Whilst people in England enjoyed the welcome return of bars, pubs, restaurants and hairdressers this weekend, we are still yet to be able to experience the wealth of arts and culture usually on offer. Although it seems a while until we will be able to attend such delights, the government has made moves to support the financial grounding of the industry.   

Answering passionate calls from the public, and an industry that employs over 700,000 people, Culture Secretary Oliver Dowden has unveiled a £1.57 billion emergency support package for industries within his ministerial brief. The “new” money, made up of a series of grants and loans, is to be spent on supporting theatres, music venues, galleries, museums, independent cinemas and heritage sites, will be focused on the “crown jewel” venues as well as those considered locally or regionally significant. Institutions are to apply through their industry bodies and must demonstrate how they contribute to the economic growth of their region. 

Despite being labelled “the biggest ever one-off investment in UK culture”, Dowden has caveated, however, and offered a stark warning that despite this package of support, “not everyone is going to be able to survive and not every job is going to be protected”. This oh-too-real concern has already been realised during the lockdown with a number of theatres closing with redundancies already announced. Right on cue, the Labour shadow secretary Jo Stevens, has asked the question, “what took the government so long?”, stating that Dowden has “known the problems in the sector for weeks and weeks and weeks”. Theatre grandee and Conservative Peer Andrew Lloyd Webber, however, is one of a cast of senior industry leaders who have wholeheartedly welcomed the support package, praising the action taken by the Department of Culture, Media and Sport, especially following a series of less-than-positive leaks in the media as to what the support may have encompassed. 

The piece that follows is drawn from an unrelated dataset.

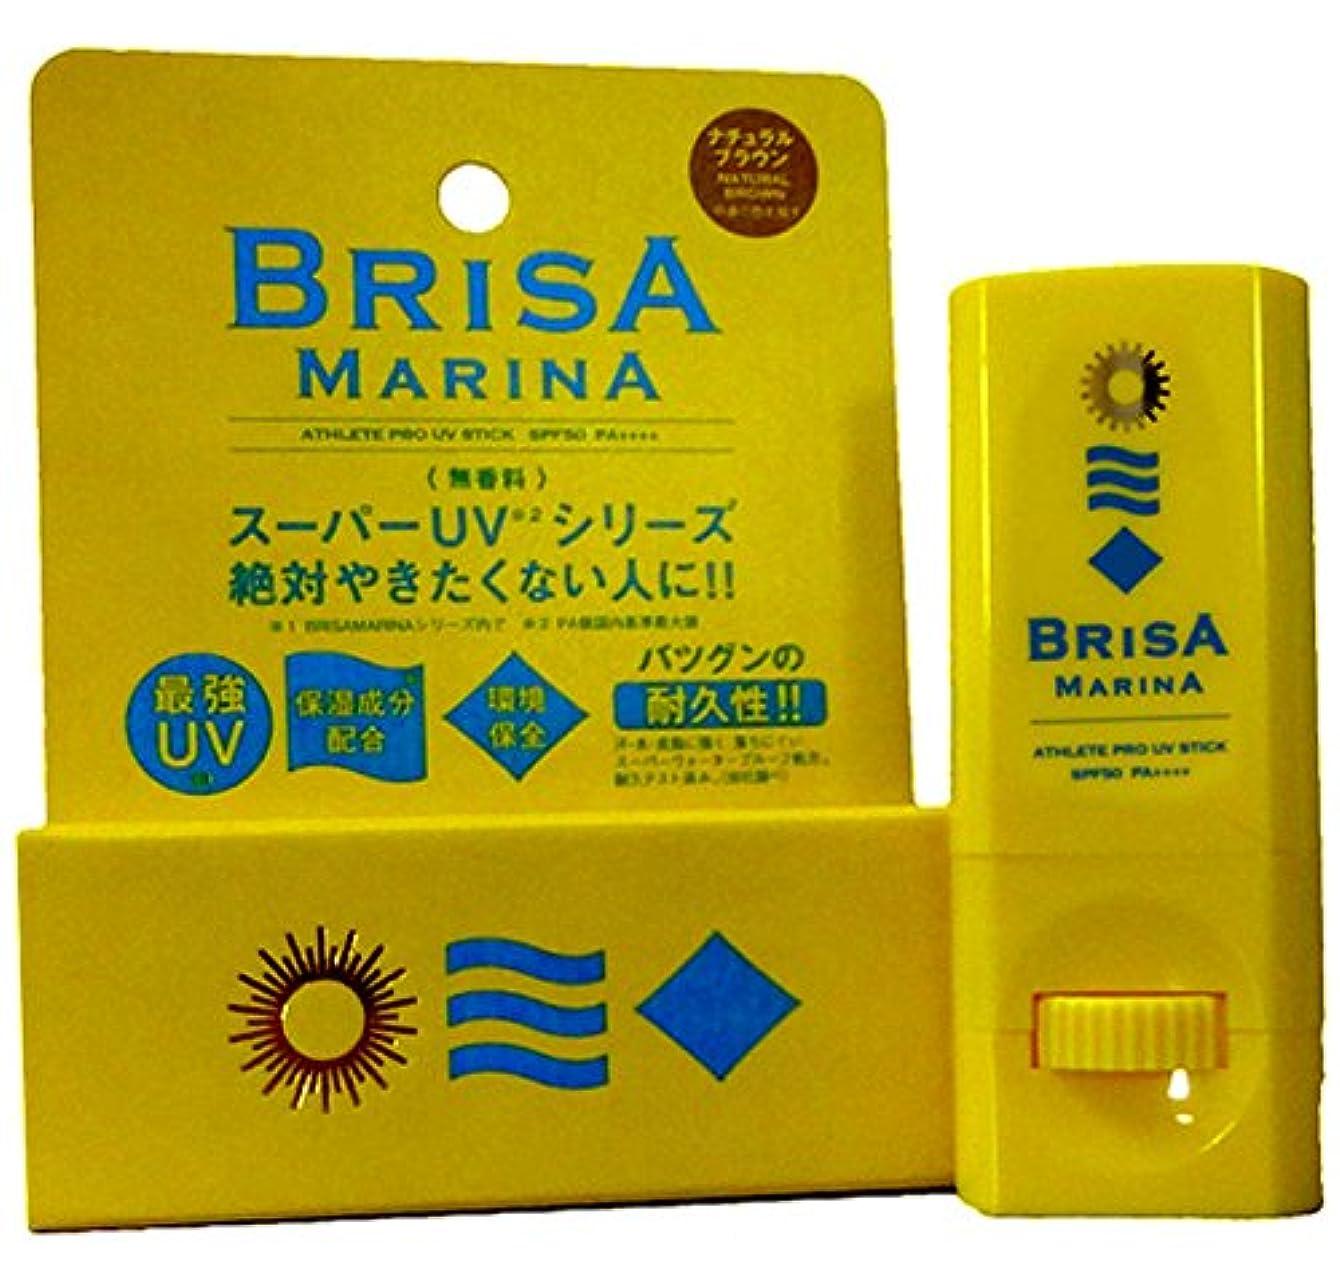 もつれリーガン割合BRISA MARINA(ブリサマリーナ) ATHLETE PRO UV STICK 10g 日焼け止め スティック (01-WHITE)

Further details will be set out when the scheme opens for applications in the coming weeks. In the meantime, the announcement marks the prelude for a “Mini-Budget” being presented by the Chancellor on Wednesday. As such, speculation is rife in Westminster as to what may or may not be announced. For the housing sector, rumours of a temporary cut in stamp duty are being mused, with plans to lift the threshold at which people start paying stamp duty from £125,000 to perhaps even £500,000. On transport, there is an expectation that rail companies will need taxpayer funding for years as passenger numbers will not yet return to pre-Covid levels. 

Whilst much of the Budget speculation remains just speculation, one thing that has been confirmed is a cash payment of £1,000 for certain businesses who offer work experience to 16-24-year olds. The funding, which is to form part of a £111 million investment to encourage traineeships, is intended to support a generation set to miss out the most from the economic crisis.